» Task description: Output all of the data below without changing a word, and exclude the pictures.

» Recorded data:
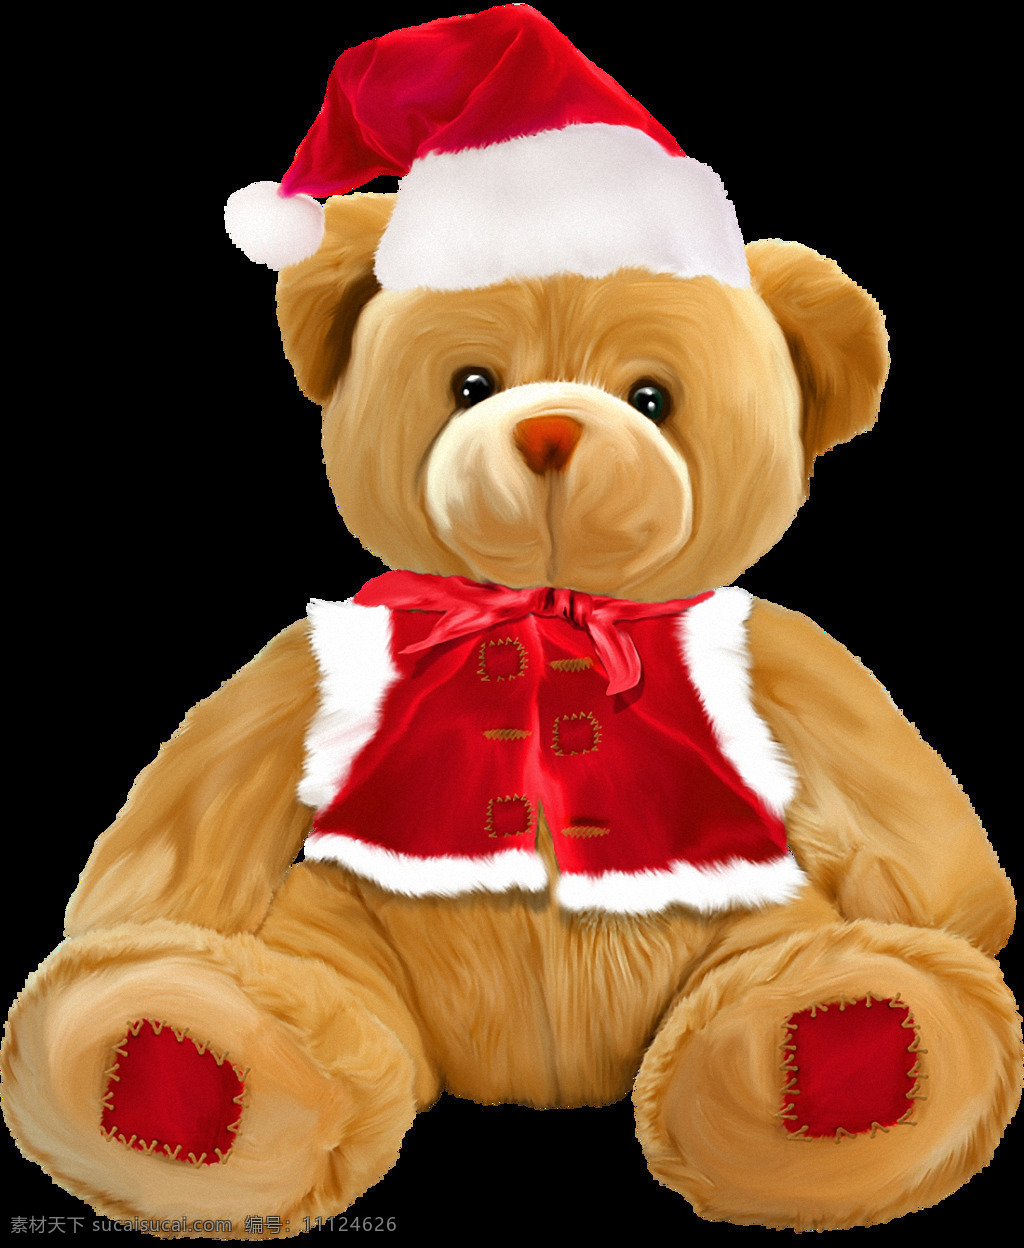 戴 圣诞 帽 泰迪 熊 免 抠 透明 泰迪熊 熊玩具 布娃娃熊 各种 大全 棕熊图片 笨熊 大熊图片 北极熊 灰熊图片 卡通熊图片 手绘熊图片 小熊宝宝
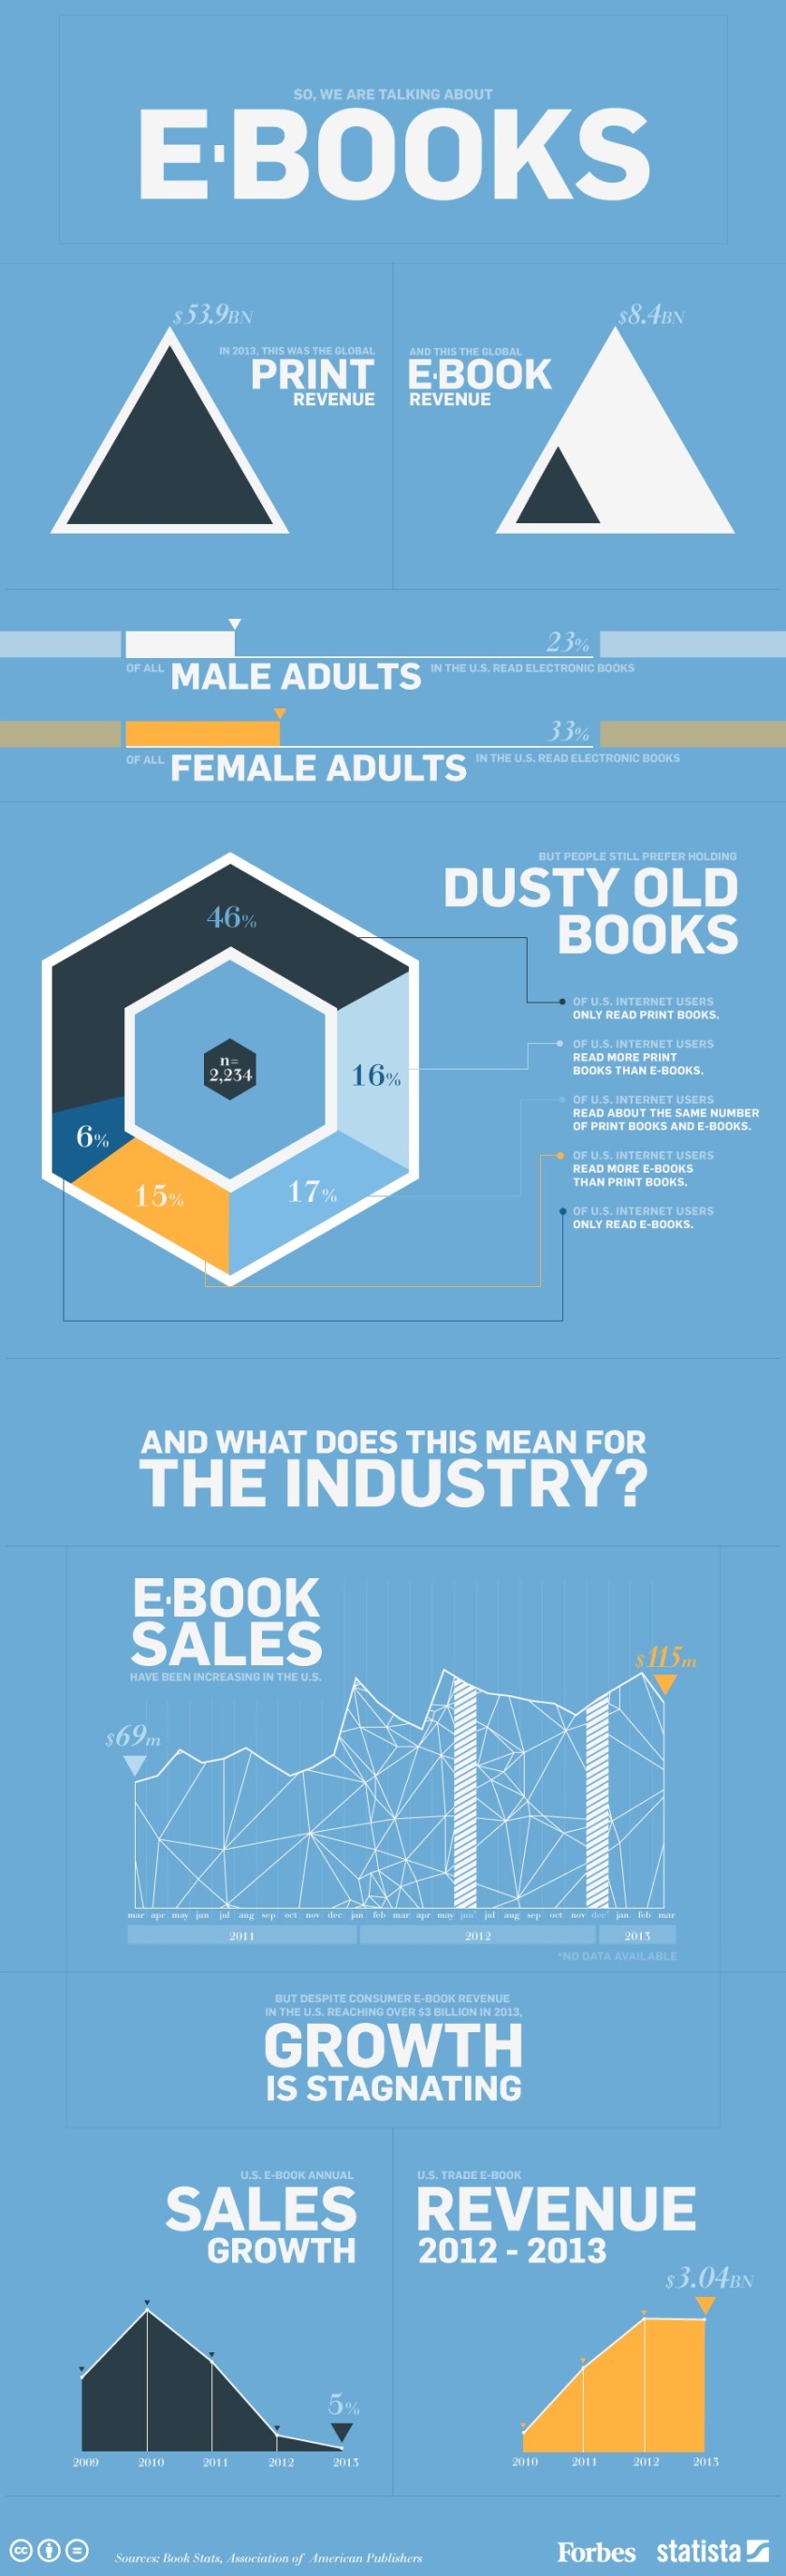 e-kirjojen markkinaosuus koko maailma, Forbes & Statista
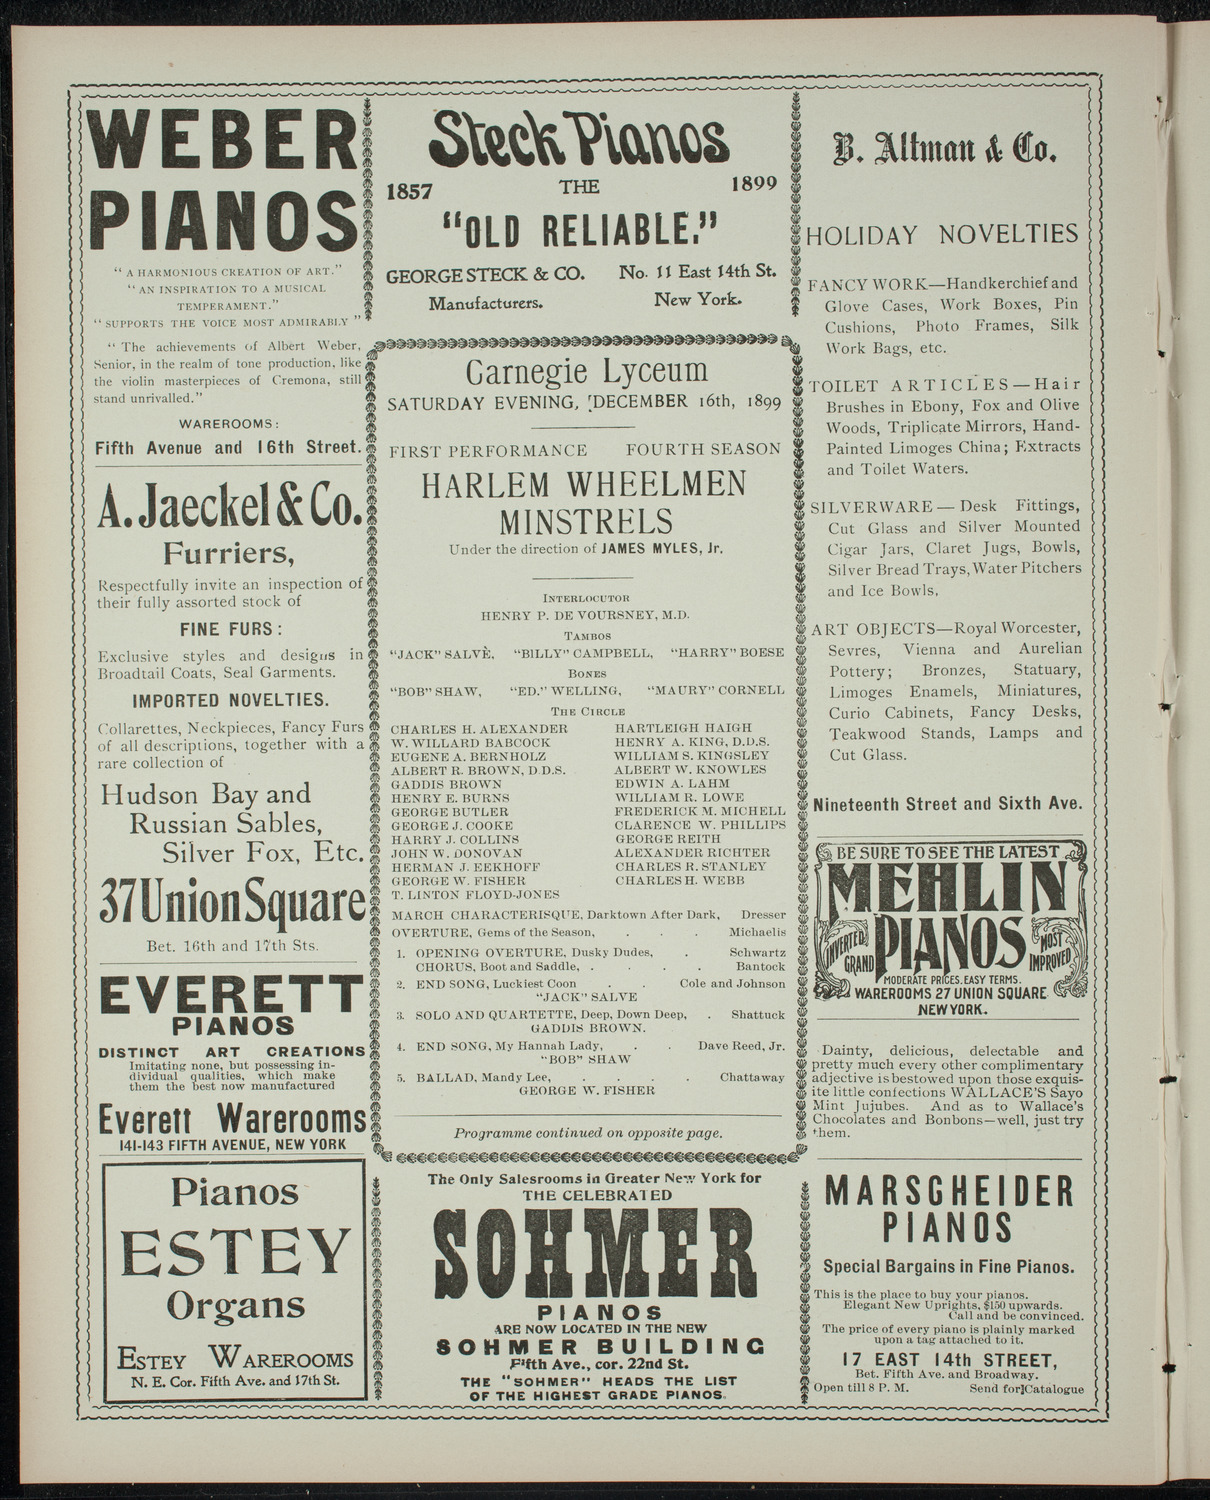 Harlem Wheelmen Minstrels, December 16, 1899, program page 2

» Answer section:
 戴 圣诞 帽 泰迪 熊 免 抠 透明 泰迪熊 熊玩具 布娃娃熊 各种 大全 棕熊图片 笨熊 大熊图片 北极熊 灰熊图片 卡通熊图片 手绘熊图片 小熊宝宝
 e-kirjojen markkinaosuus koko maailma, Forbes & Statista
 Harlem Wheelmen Minstrels, December 16, 1899, program page 2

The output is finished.